I'm fine with laydat. I'll change to that.

hohlraum commented 9 years ago

Yes, totally agree that the interface for Boundary, Path and Elements should be as much as possible identical. That has always been the goal.

Skip to the bottom from here. It's mostly my stream of conciousness ramblings. I leave it for the record.

I don't agree that adding the points list to repr or str is a good idea. Purists would say that a list of the object points should go in repr because that's what's needed to reproduce the object. But plenty of other packages forgo this: e.g. matplotlib lines '<matplotlib.lines.Line2D object at 0x106982d10>'. Furthermore in our case we often do things like >>> element.rotate(45). This rotation acts in place and there's no need for a left hand assignment expression, but the rotation returns itself to allow chaining of further operations. So in the interpreter this line will print element.__repr__(). That's fine if the representation is something short. But it's a pain if you're working on a 1000 point Boundary and it prints the whole point list.

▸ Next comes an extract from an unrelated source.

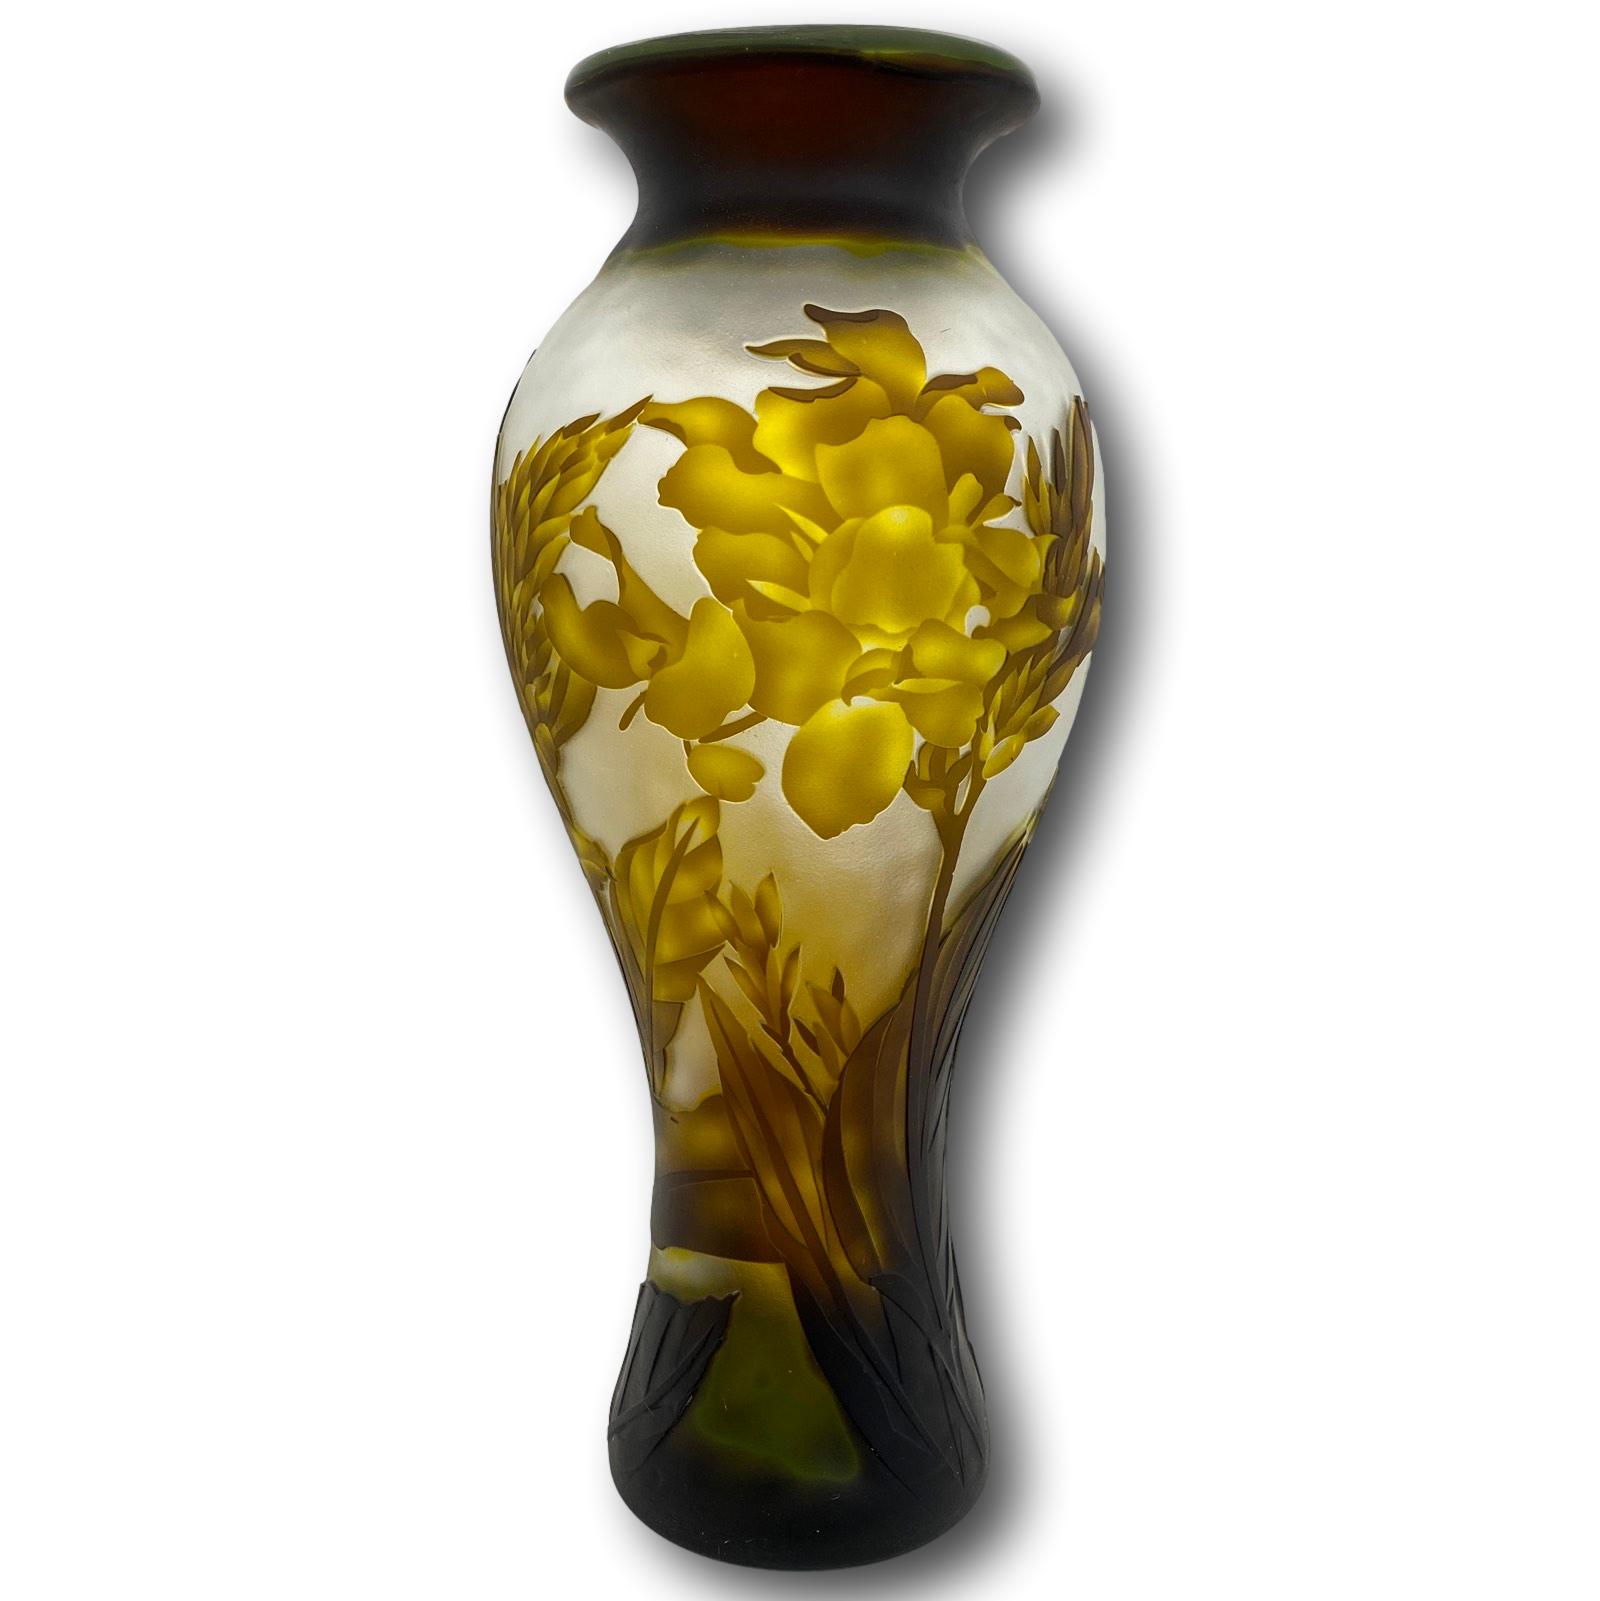 Vaasreplica naar Galle Gallé glazen vaas glas antieke art nouveau-stijl kopie c8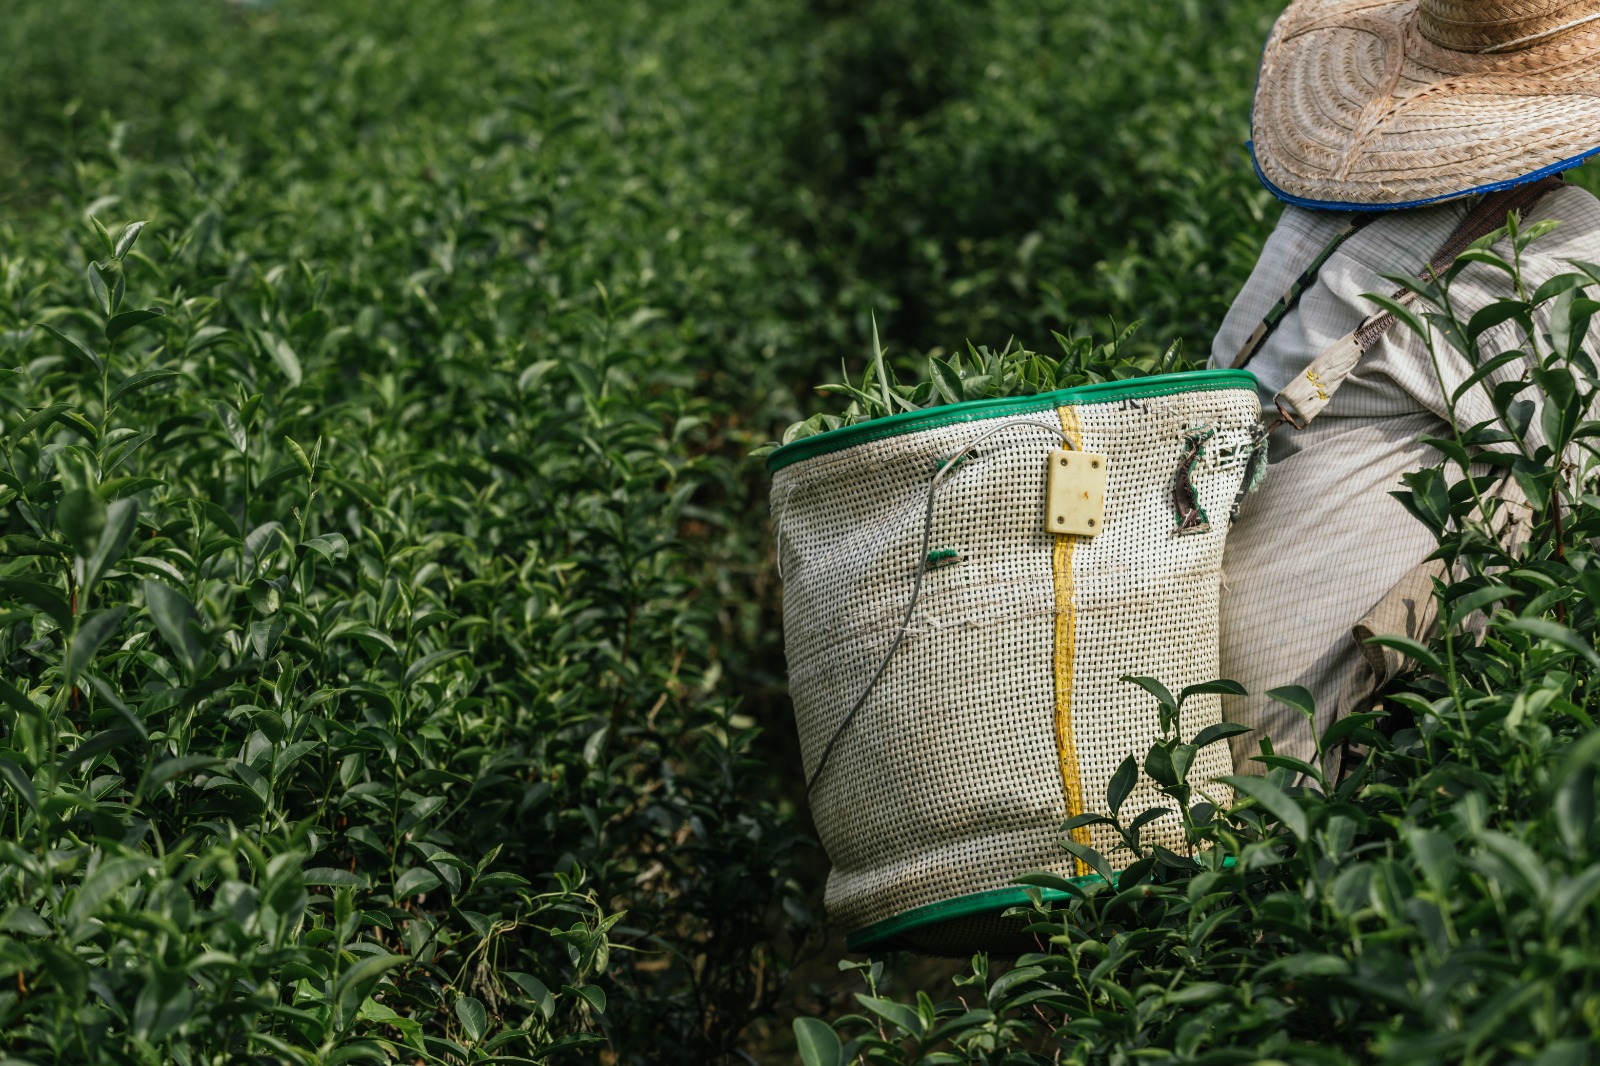 Grow Bags / Planter Bags Manufacturer - GreenPro Ventures

Note that shapely does the opposite of the Python convention:

>>> repr(x.shape)
'<shapely.geometry.polygon.PolygonAdapter object at 0x10659ecd0>'

>>> str(x.shape)
'POLYGON ((0 1, 0 0, 1 0, 5 5, 0 1))'

This is a better arrangement because of the chained operations problem. You only get the points list when you ask for it.

I'd say if you want to see the points just use print(element.points) which gives a nicely formatted numpy array. I suppose this brings me back to your (reasonable) desire to keep Path/Boundary the same as Elements. There is not such thing as Elements.points so you'd like to add a convenience method print() to do the job. To maintain consistency you now have to add the same method to Path and Boundary too.

To summarize: 1) KISS: no points list in repr or str. To see points for Path/Boundary use print e.points. To see them for an Elements list use for e in Elements: print e.points. Elements and Path/Boundary are not the same things, the correspondence can only be taken so far.

2a) Points list in __repr__, short __str__, str of Elements returns repr of contents -- the Python convention. This gets ugly really quickly because it prints potentially massive points lists every time an object is entered in the interpreter.

2b) Points list in __str__, short __repr__, str of Elements returns str of contents -- the shapely convention. You only get a list of points if you specifically ask for it by calling print(object).

3) Introduce a new method (not called print, that's too confusing) that handles printing in Elements. Add superfluous complementary methods to Path/Boundary.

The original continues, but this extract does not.